The skeletal structure of the NO3  - ion
Six of the twenty-four valence electrons are involved in covalent bonding, leaving eighteen unallocated. We can place these electrons on the oxygen atoms as follows:
All valence electrons have been distributed
As you can see, each oxygen atom now has a complete octet, but the nitrogen only has six valence electrons in its outer shell. We can remedy this by taking two valence electrons from one of the oxygen atoms to create a double covalent bond between it and the central nitrogen atom, completing the nitrogen atom's octet (note that the choice of which oxygen atom to take the lone pair from is purely arbitrary - we'll be looking at the implications of this in due course):
Each atom now has a complete octet
In the simplified representation of this ion, which we saw earlier, we placed the entire structure inside square brackets, and showed the overall charge as a superscripted value to the right of the square brackets. Once you become familiar with Lewis structures you will find this kind of representation perfectly adequate. Sometimes, however, you might wish to present a more detailed breakdown. Here are two alternative Lewis structures for NO3  -:
Complete (left) and simplified (right) Lewis structures for the nitrate ion
The sum of the formal charges on all of the atoms in a polyatomic ion should of course equal the overall charge on the ion itself (the formal charges in a neutral molecule must always sum to zero). The guiding principle when drawing a Lewis diagram is to find the most stable electronic configuration, which means that as many of the atoms as possible should have a formal charge of zero. Wherever possible, negative charges should appear on the most electronegative atoms and positive charges should appear on the least electronegative atoms.
Sigma and pi bonds
Almost without exception, a single covalent bond between two atoms is created by the head-to-head overlap of two (half-filled) s orbitals, two p orbitals, or an s and a p orbital. We call this type of bond a sigma (σ) bond, and it is the strongest type of covalent bond.

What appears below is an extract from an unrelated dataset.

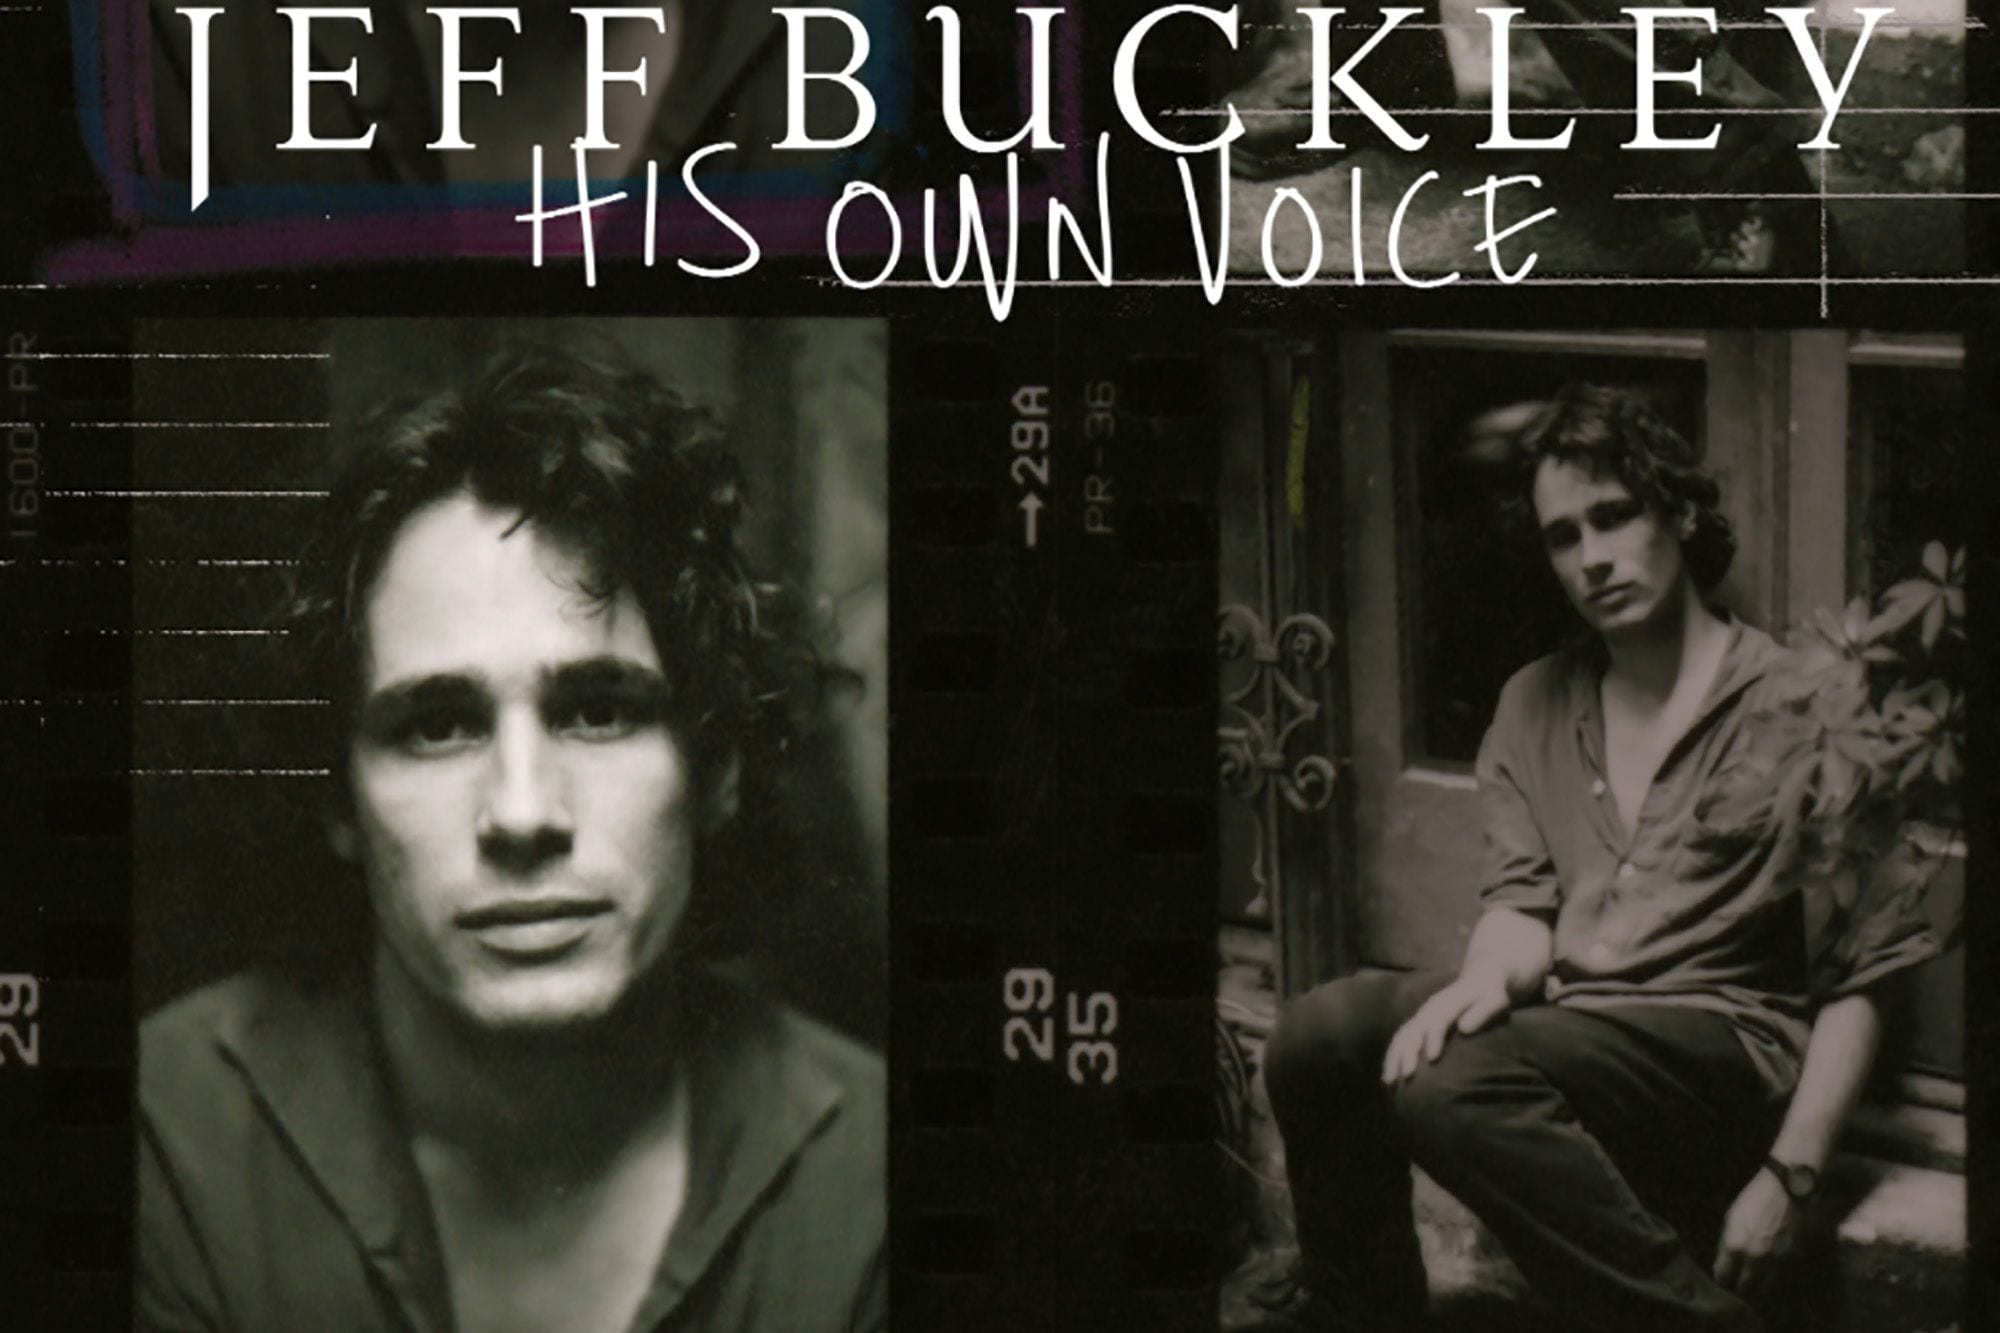 Jeff Buckley’s Voice Returns
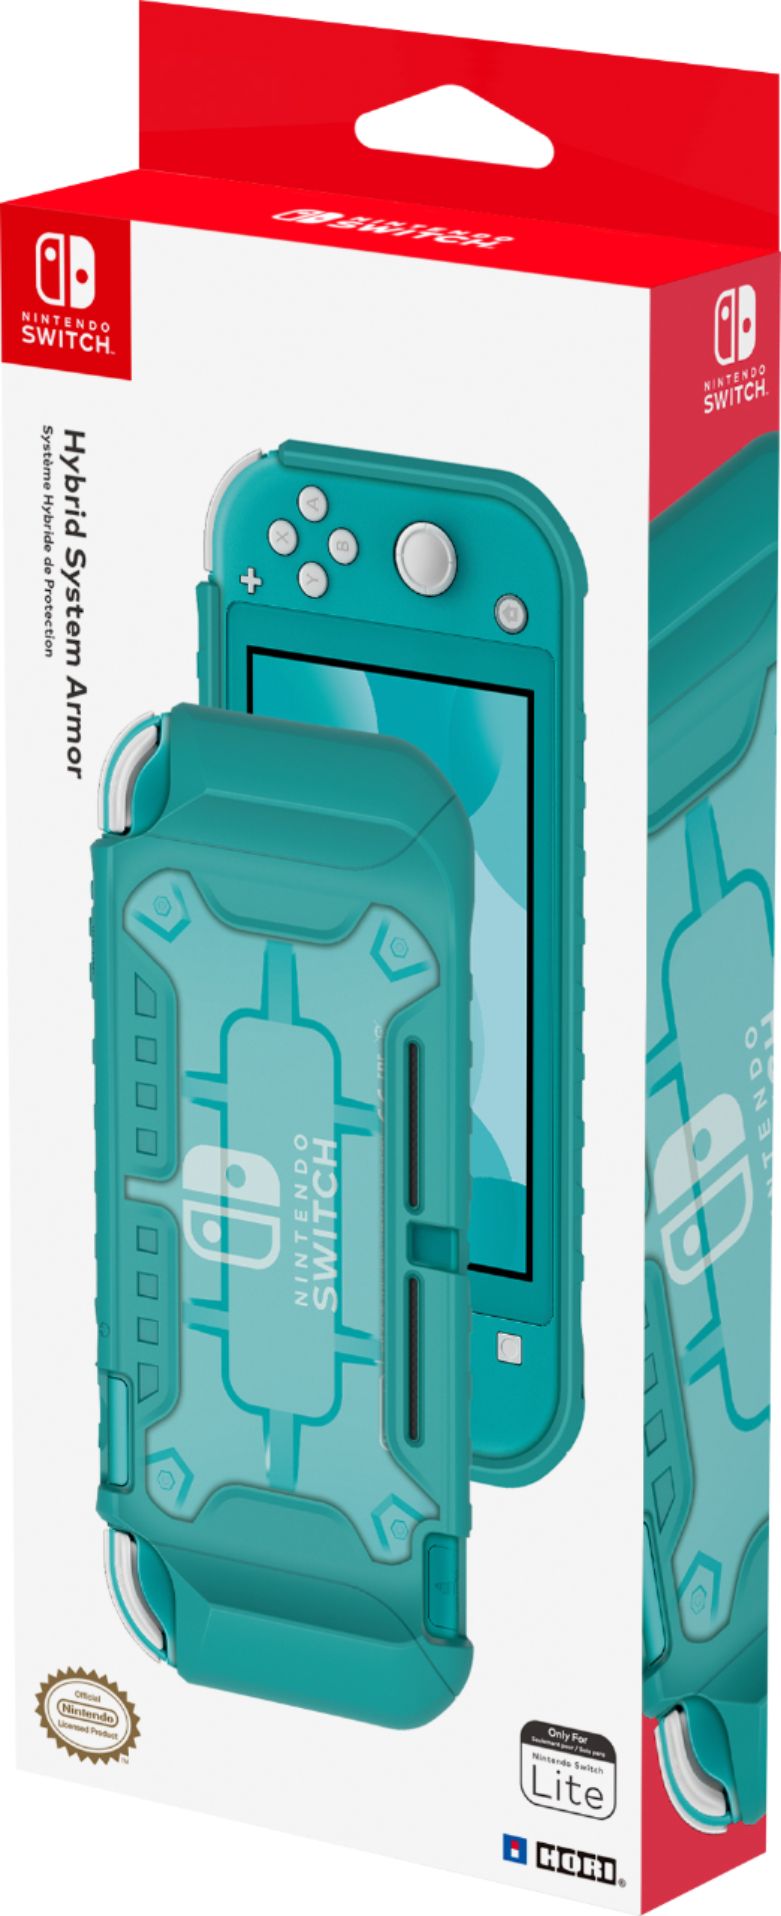 HORI NS2-012U LITE ETUI TASCHE (BLAU) Zubehör für Nintendo Switch Lite,  Blau

Three different types of sigma bond
The other kind of bond found in covalent structures is called a pi (π) bond, formed from the side-to-side (lateral) overlap of two half-filled p orbitals. Pi bonds are found in double and triple covalent bonds. A double covalent bond consists of a sigma bond and a pi bond, while a triple covalent bond consists of a sigma bond and two pi bonds. Note that pi bonds only occur in combination with a sigma bond. A typical double covalent bond is illustrated below.
A typical double covalent bond
It is sometimes possible to draw two or more legitimate Lewis structures for the same polyatomic species, in which case each of those Lewis structures is called a resonance structure. Let's look at an example: the simple inorganic compound nitrous oxide (N2 O) - otherwise known as laughing gas. Nitrous oxide is a non-metal nitride, i.e. an inorganic compound of nitrogen and one or more atoms belining to the group known as "other non-metals" - elements that lie between the metalloids and the halogens in the periodic table (the group includes carbon, nitrogen, oxygen, phosphorous, sulphur and selenium). We start as usual by finding the total number of valence electrons:
|Nitrogen (2) × 5:||10|
|Oxygen (1) × 6:||6|
Now we draw the skeletal structure. The central atom will be a nitrogen atom, because nitrogen is less electronegative than oxygen (3.04 for nitrogen as compared with 3.44 for oxygen):
The skeletal structure of an N2 O molecule
As we can see, there is a single bond between the two nitrogen atoms and another single bond between the central nitrogen atom and the oxygen atom. Four of our sixteen valence electrons have therefore been spoken for, leaving twelve still to be allocated. Let's allocate the remaining valence electrons now:
The remaining valence electrons have been allocated
The terminal nitrogen and oxygen atoms now have complete octets, but the central nitrogen atom only has four electrons in its valence shell. It will need two additional covalent bonds in order to complete its octet, which means there are three possibilities. The first option is to take a lone pair from each of the terminal atoms in order to create two double bonds. Alternatively, we can take two lone pairs from the outer nitrogen atom to create a triple bond between it and the central nitrogen atom. The third option is to take two lone pairs from the oxygen atom and create a triple bond between it and the central atom. Our three candidate Lewis structures will therefore look like this:
We can derive three possible structures
The two-way arrows in the diagram are used to indicate that the structures represent the same polyatomic species. If you study the diagram, you will see that in each of the structures we have drawn the atoms always occupy the same position. Once you have allocated the remaining valence electrons, you can explore the different ways in which these non-bonding electrons can be redistributed so that each atom has a complete octet, but the atoms themselves never move.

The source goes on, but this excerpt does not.